Whilst repayment occurred in both models, solely examining repayment schedules would not tell the full story of the conditions for repayment, or exactly what and whom are driving it in each scenario: a position that stands in tension with Stiglitz’s context-free individualistic site of action. A look at repayment records would not show that the ways in which people cultivate their relationships make all the difference as to who borrows and who repays. It would not show how the intervention of the guarantor mechanism had two transformative impacts that confound microfinance models based on a borrower’s individualistic calculations and a social collateral model secured through overt peer pressure.
First, it transformed lack of repayment into an ‘impossible debt’: a personal debt obligation among villagers who saw borrowing amongst them as being about relationships, survival and the creation of Guanxi or self. Second, the guarantor model demonstrates how sanctioning default can be unappealing for the sanctioner. Considering that a moral wrong can decrease someone’s Guanxi within the village and lead to a string of retaliatory actions amongst inhabitants, sanctions can be unappetising. Since microfinance models depend on the shaming of the defaulter, the success of the Grameen model is entirely dependent on something happening that everyone is trying to avoid!

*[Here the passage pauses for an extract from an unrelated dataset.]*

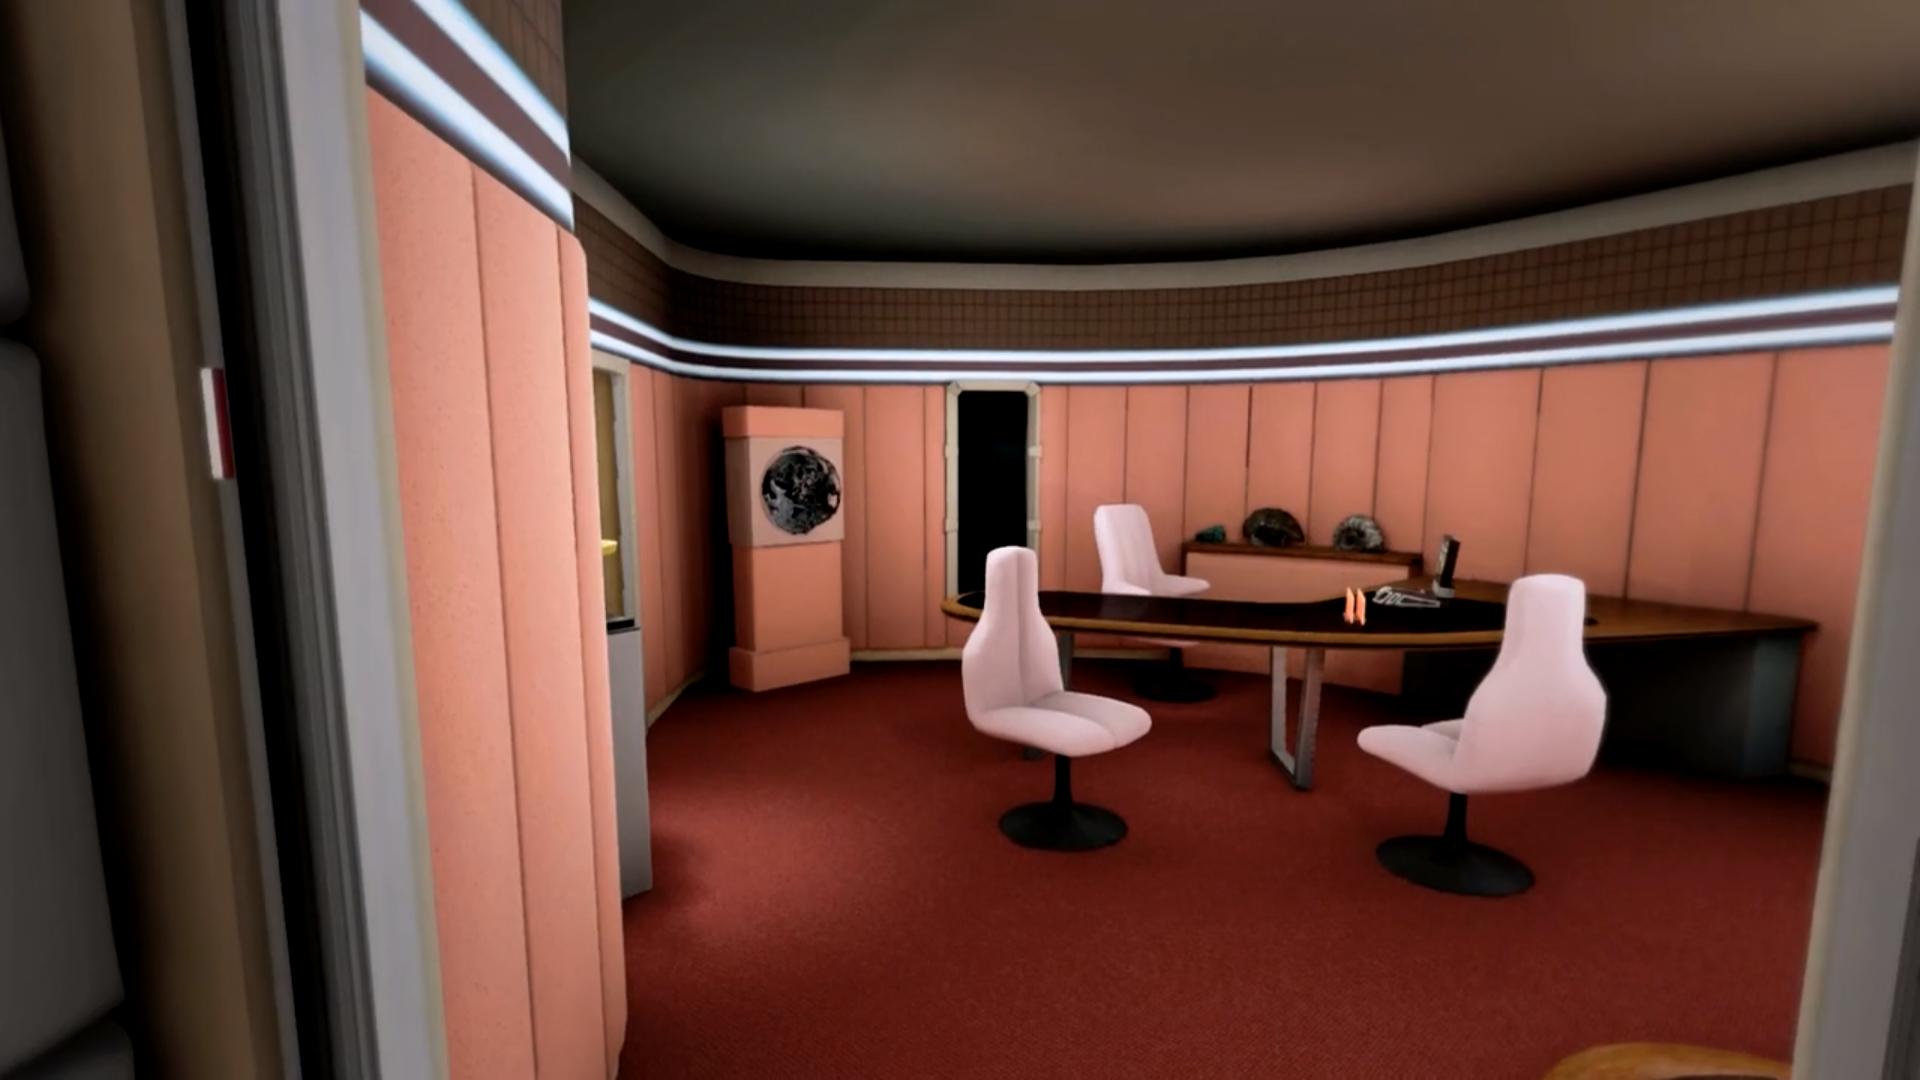 Virtual Bathroom Designer Star Trek Virtual Reality Ever Wanted To Explore The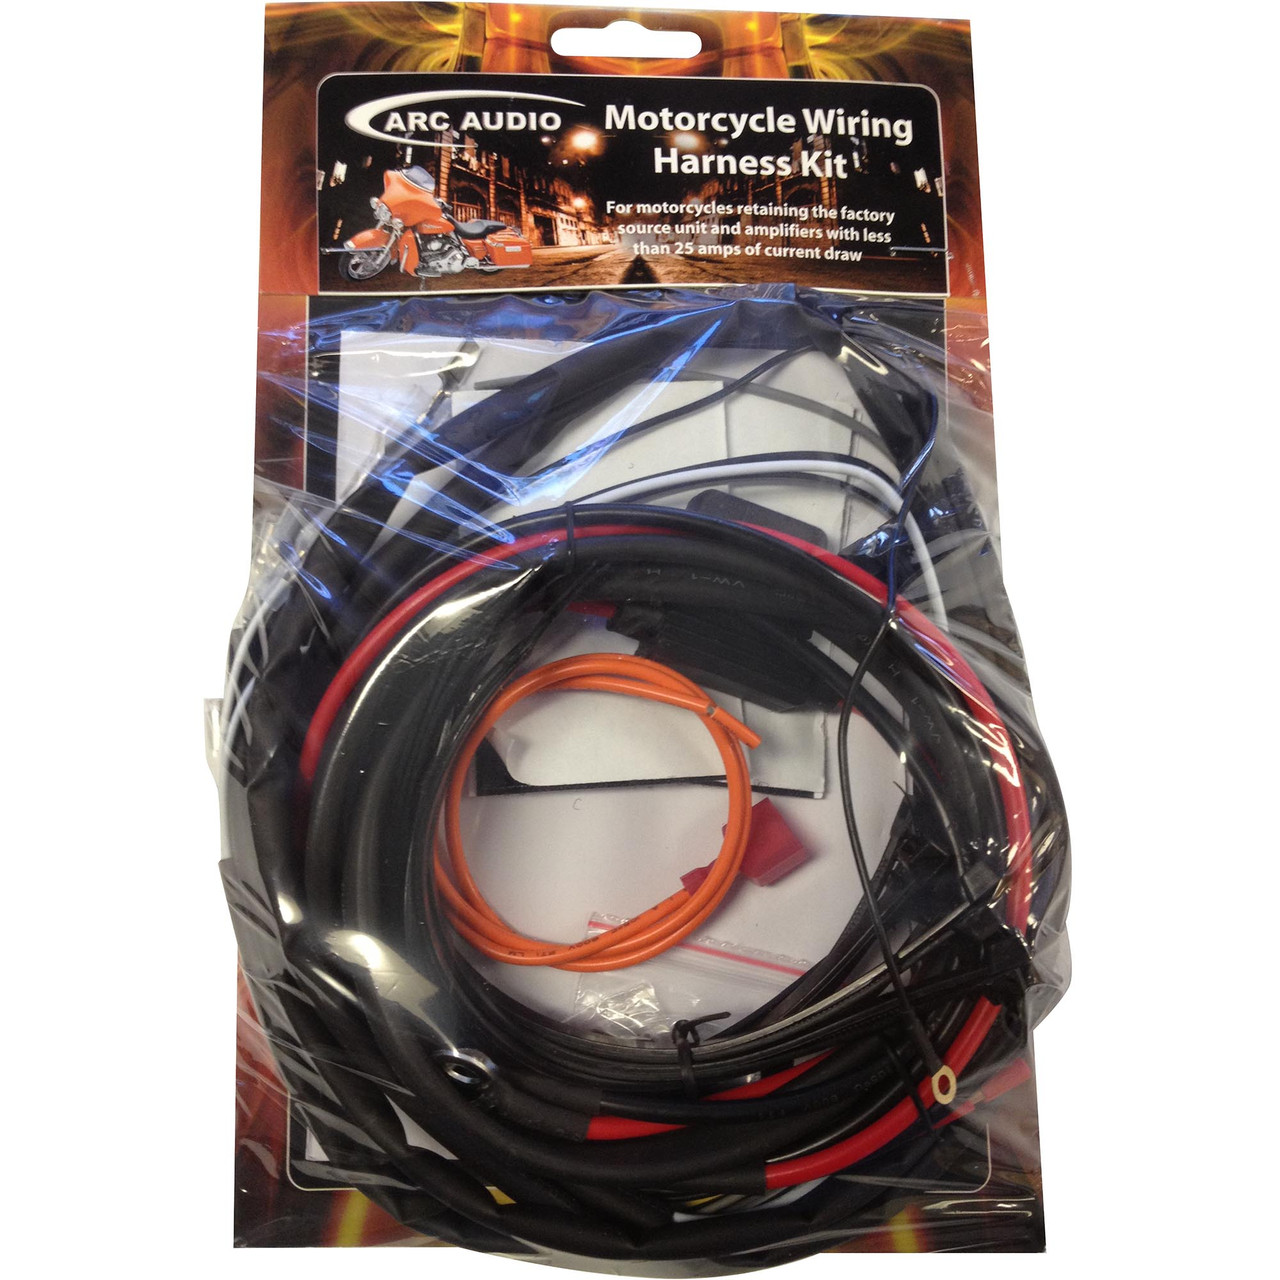 small resolution of home wiring dynamic audio video llc jamie gannon

I strongly recommend Borrowing Together for anyone who would like to explore more deeply current development theory and practice and how a ‘turn’ to social ties might impact development outcomes. Becky reminds us of ‘the difference ethnography can make’ to policy applications. On this repayment data itself would tell us little about the actual interactions between villagers and the internal networks that incentivise repayment and, in some cases, even de-incentivise peer sanctioning: results that run contrary to the Grameen model of individualism.
As a project finance lawyer interested in the challenges posed by the complexities of the global economy and its implications for human rights and well-being, my only critique is that an opportunity might have been missed to apply the rich fieldwork more widely to quality interdisciplinary scholarship that identifies and addresses gaps in policy and practice around human well-being and fairness under today’s conditions of economic globalisation. Studies like Hsu’s are so relevant to this important global research field and contribute immensely by providing a robust empirical basis for questioning dominant assumptions on what creates a ‘good life’. Hsu reminds us that entrepreneurship and private property are not magic bullets for development, and that being an honourable and good person can be of greater importance for repayment and default profiles: a finding that can add value to practical policy implementation. These incentives knock microfinance lending assumptions off their ‘modelled’ path and might begin to explain Lisa Simpson’s confusion with microfinance not going as she expected.